-- DATA SHOWN follows --
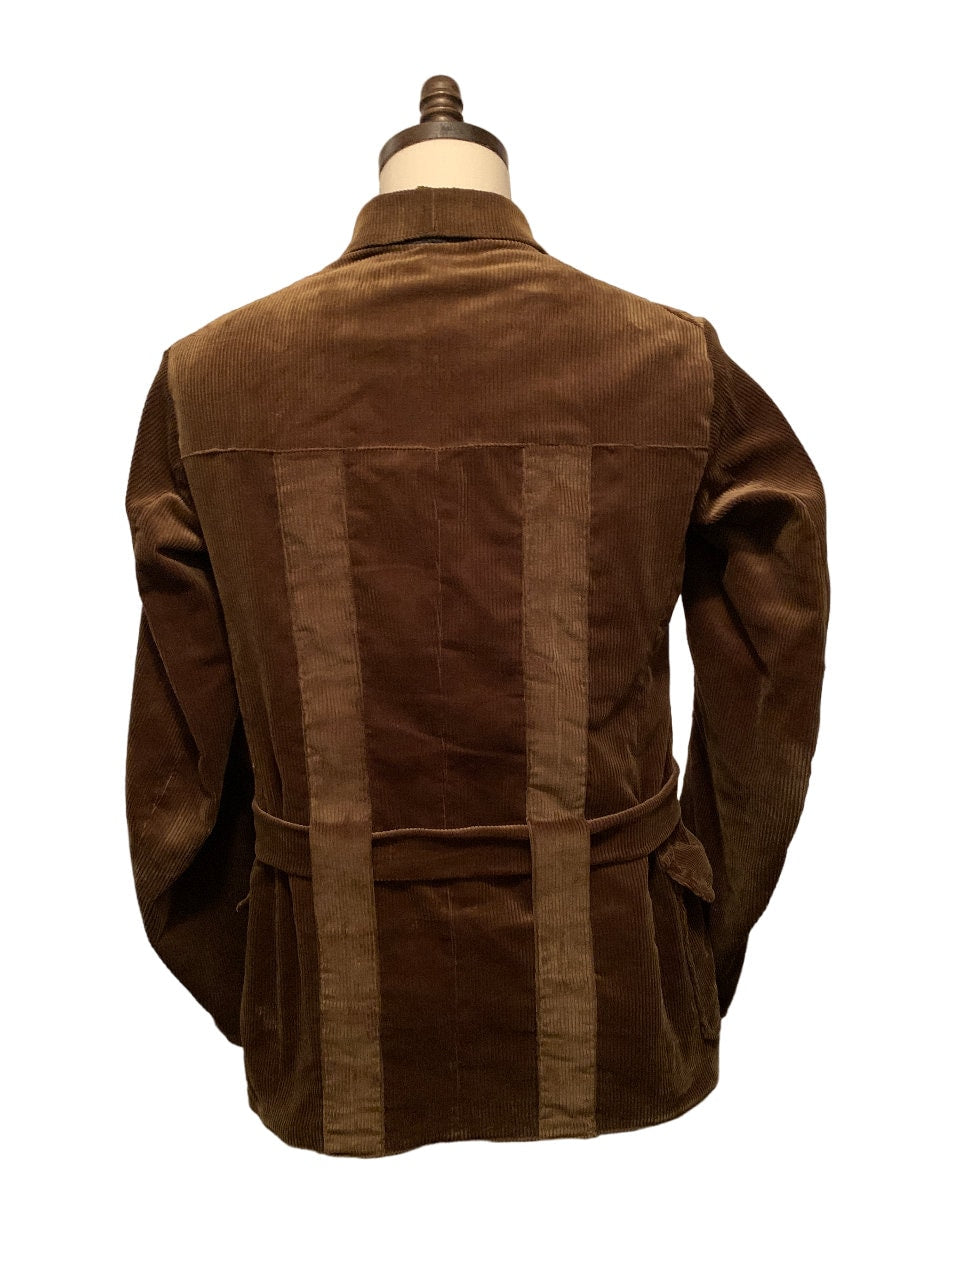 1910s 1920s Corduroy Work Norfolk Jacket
-- DATA SHOWN concluded --
-- DATA SHOWN follows --
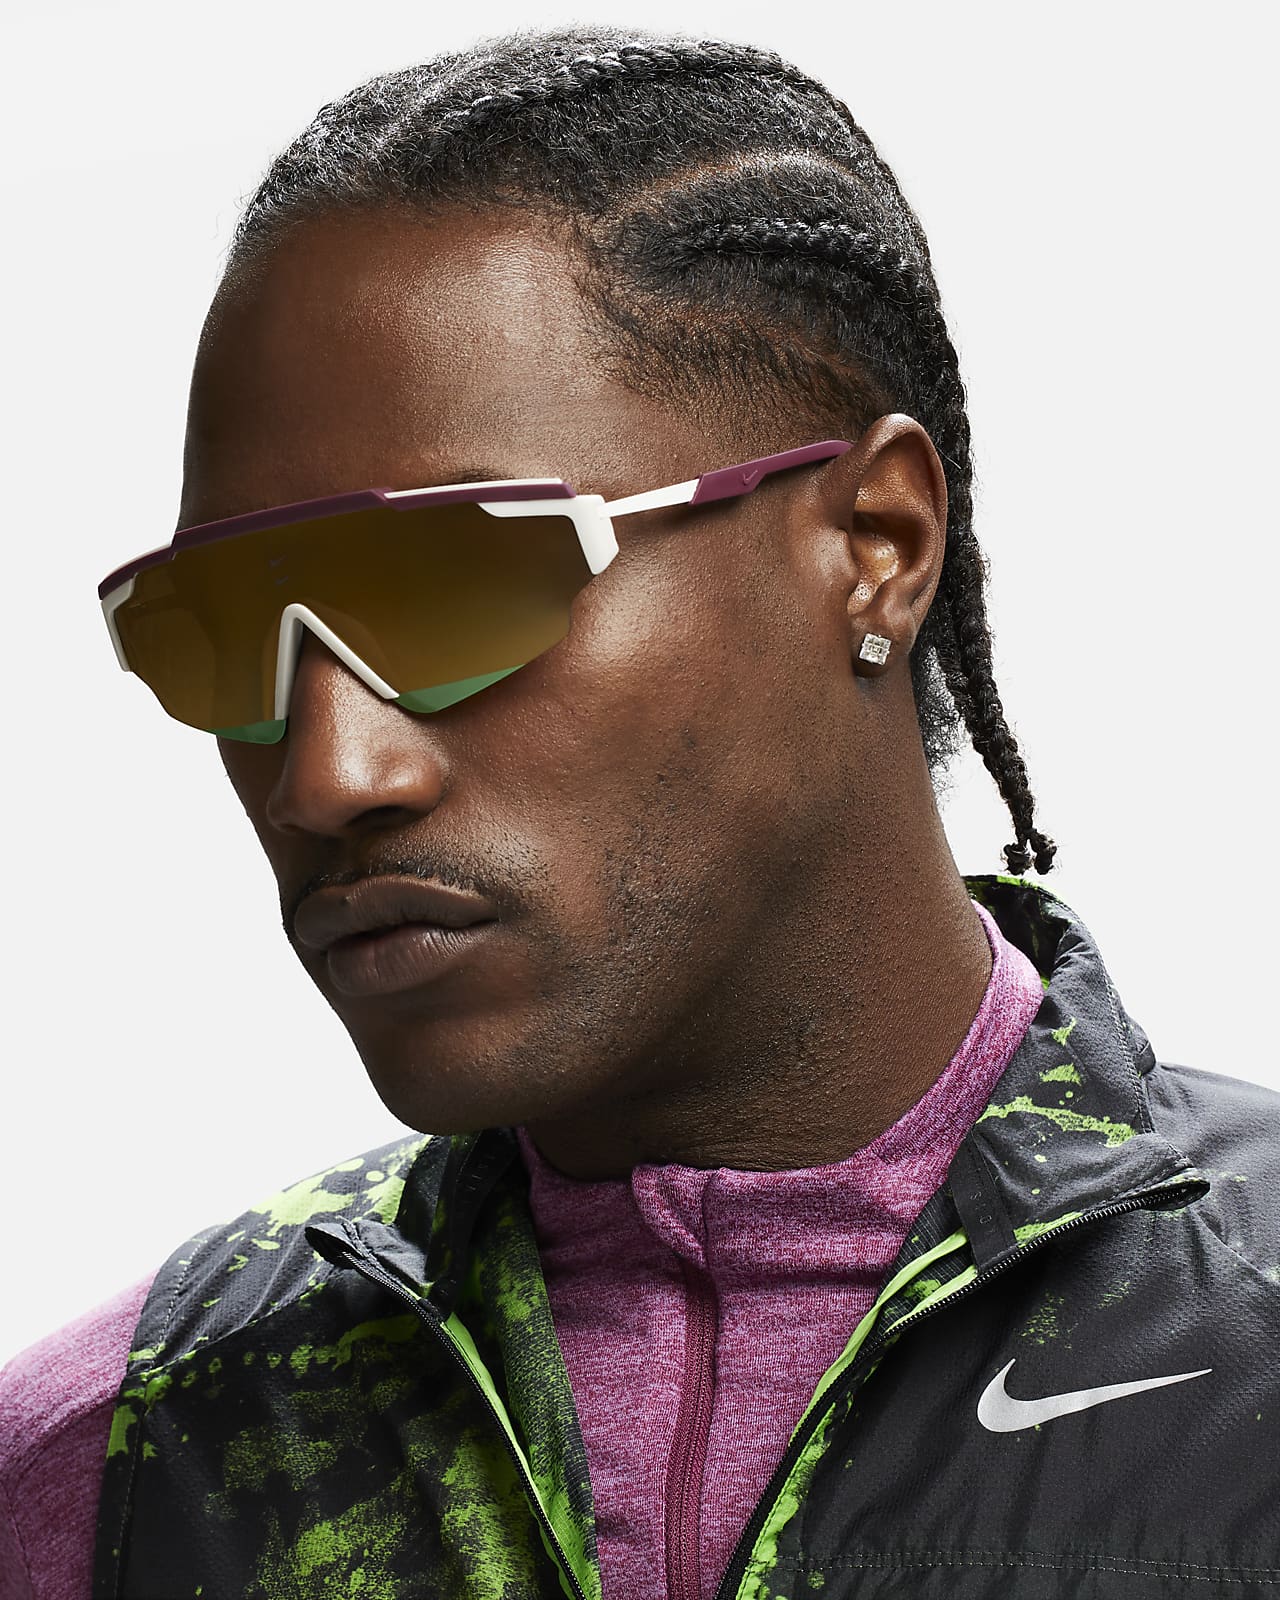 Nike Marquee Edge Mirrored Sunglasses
-- DATA SHOWN concluded --
-- DATA SHOWN follows --
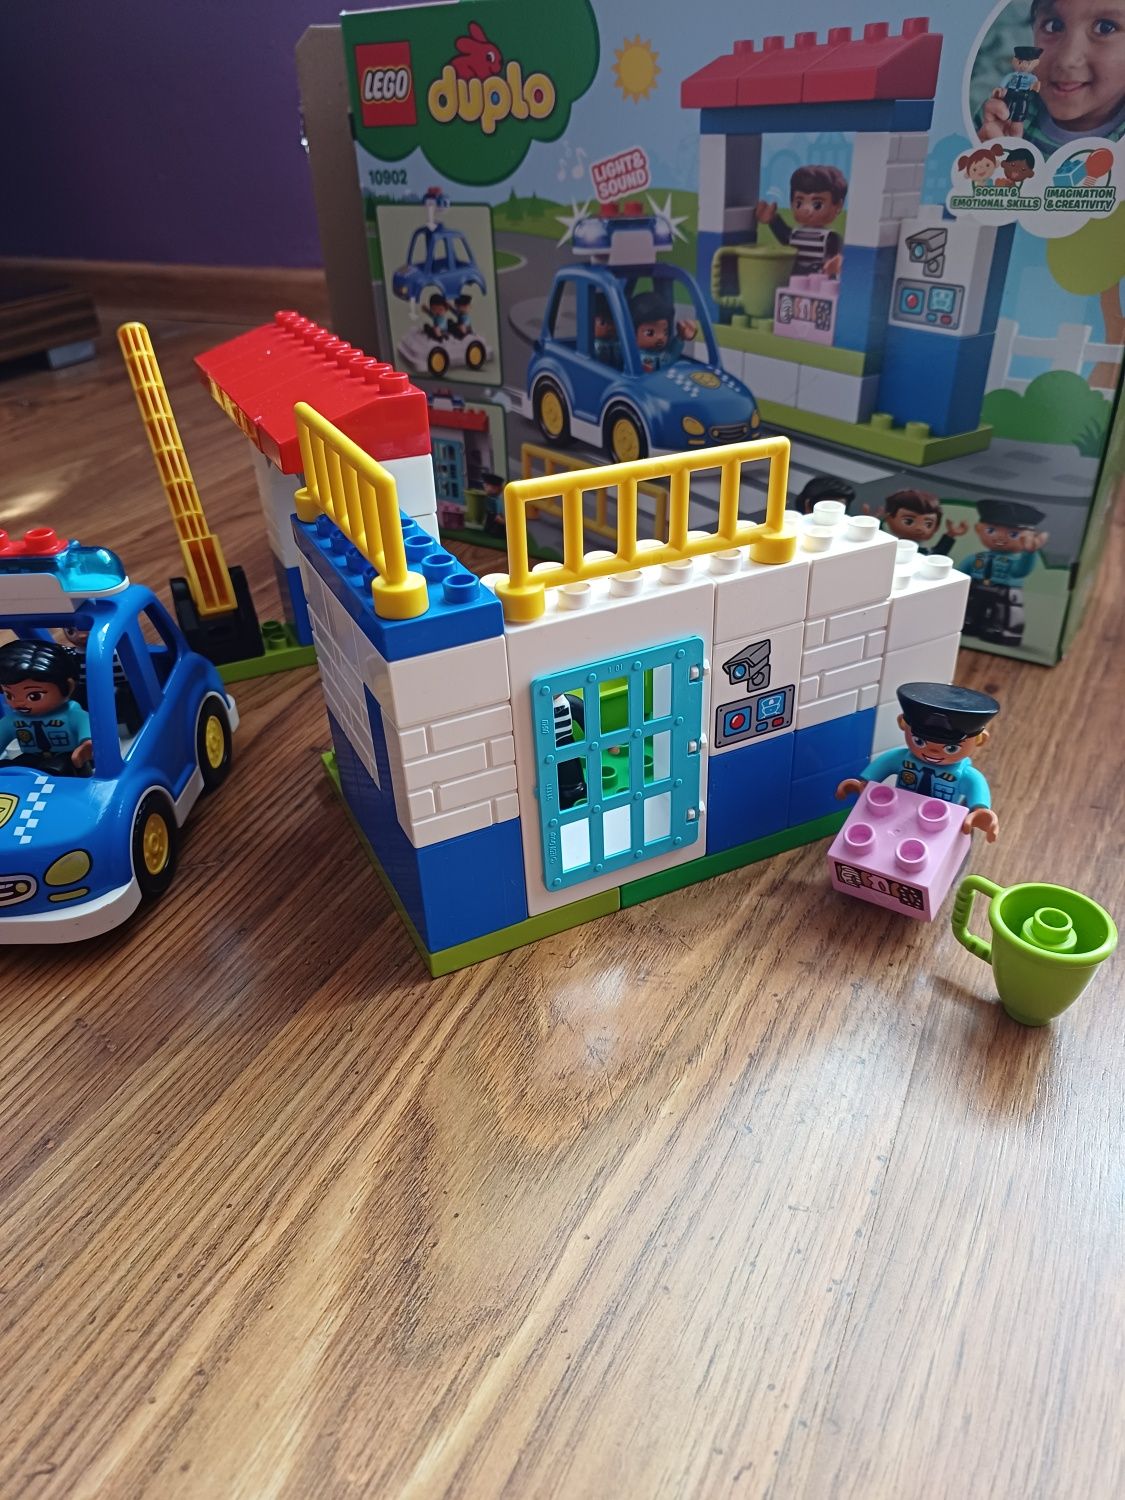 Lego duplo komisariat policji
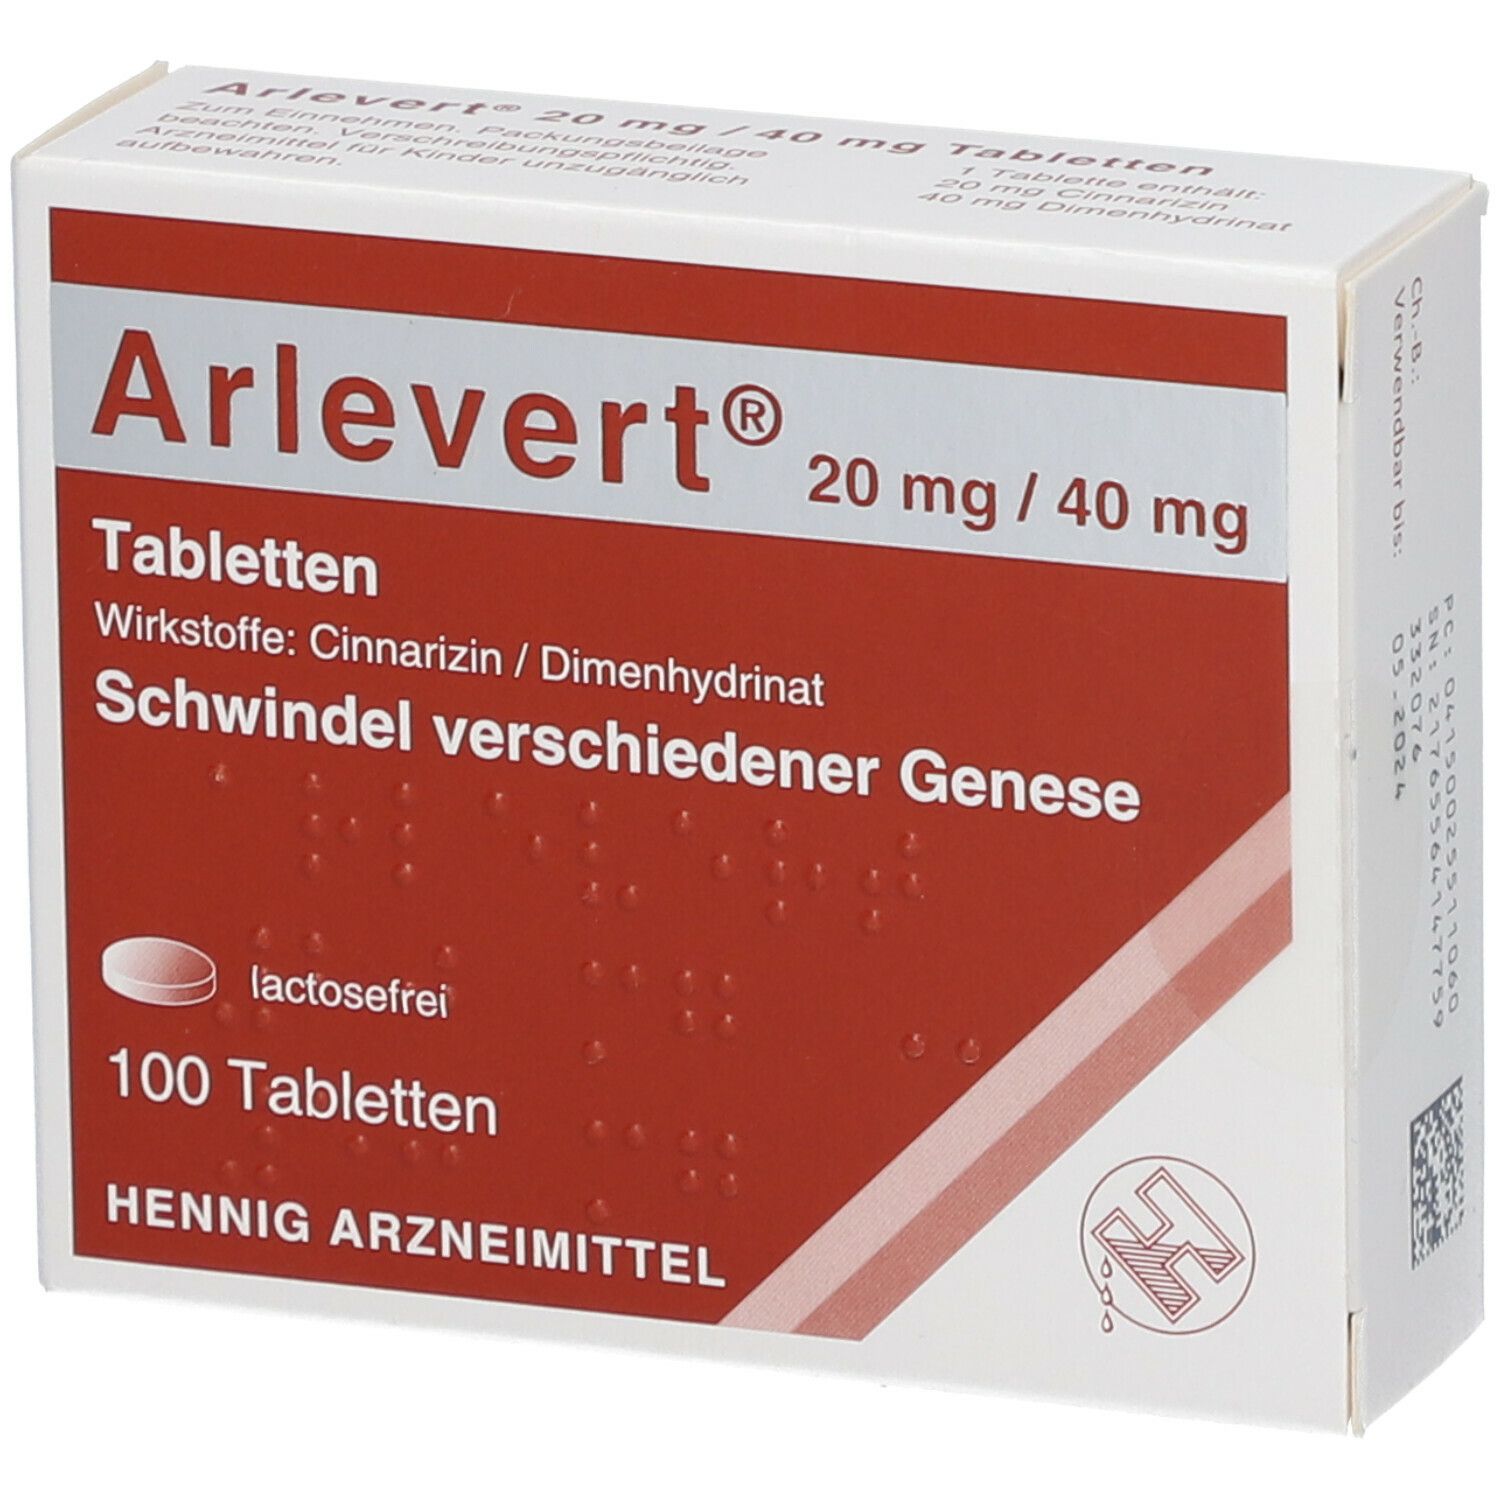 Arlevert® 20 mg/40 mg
-- DATA SHOWN concluded --
**WORK INSTRUCTION**
In the entries above, which lines run from the one with "Lego duplo komisariat policji" up to and including the one with "Arlevert® 20 mg/40 mg"? Write them out exactly, without the pictures.

**EXERCISE OUTPUT**
 Lego duplo komisariat policji
 Arlevert® 20 mg/40 mg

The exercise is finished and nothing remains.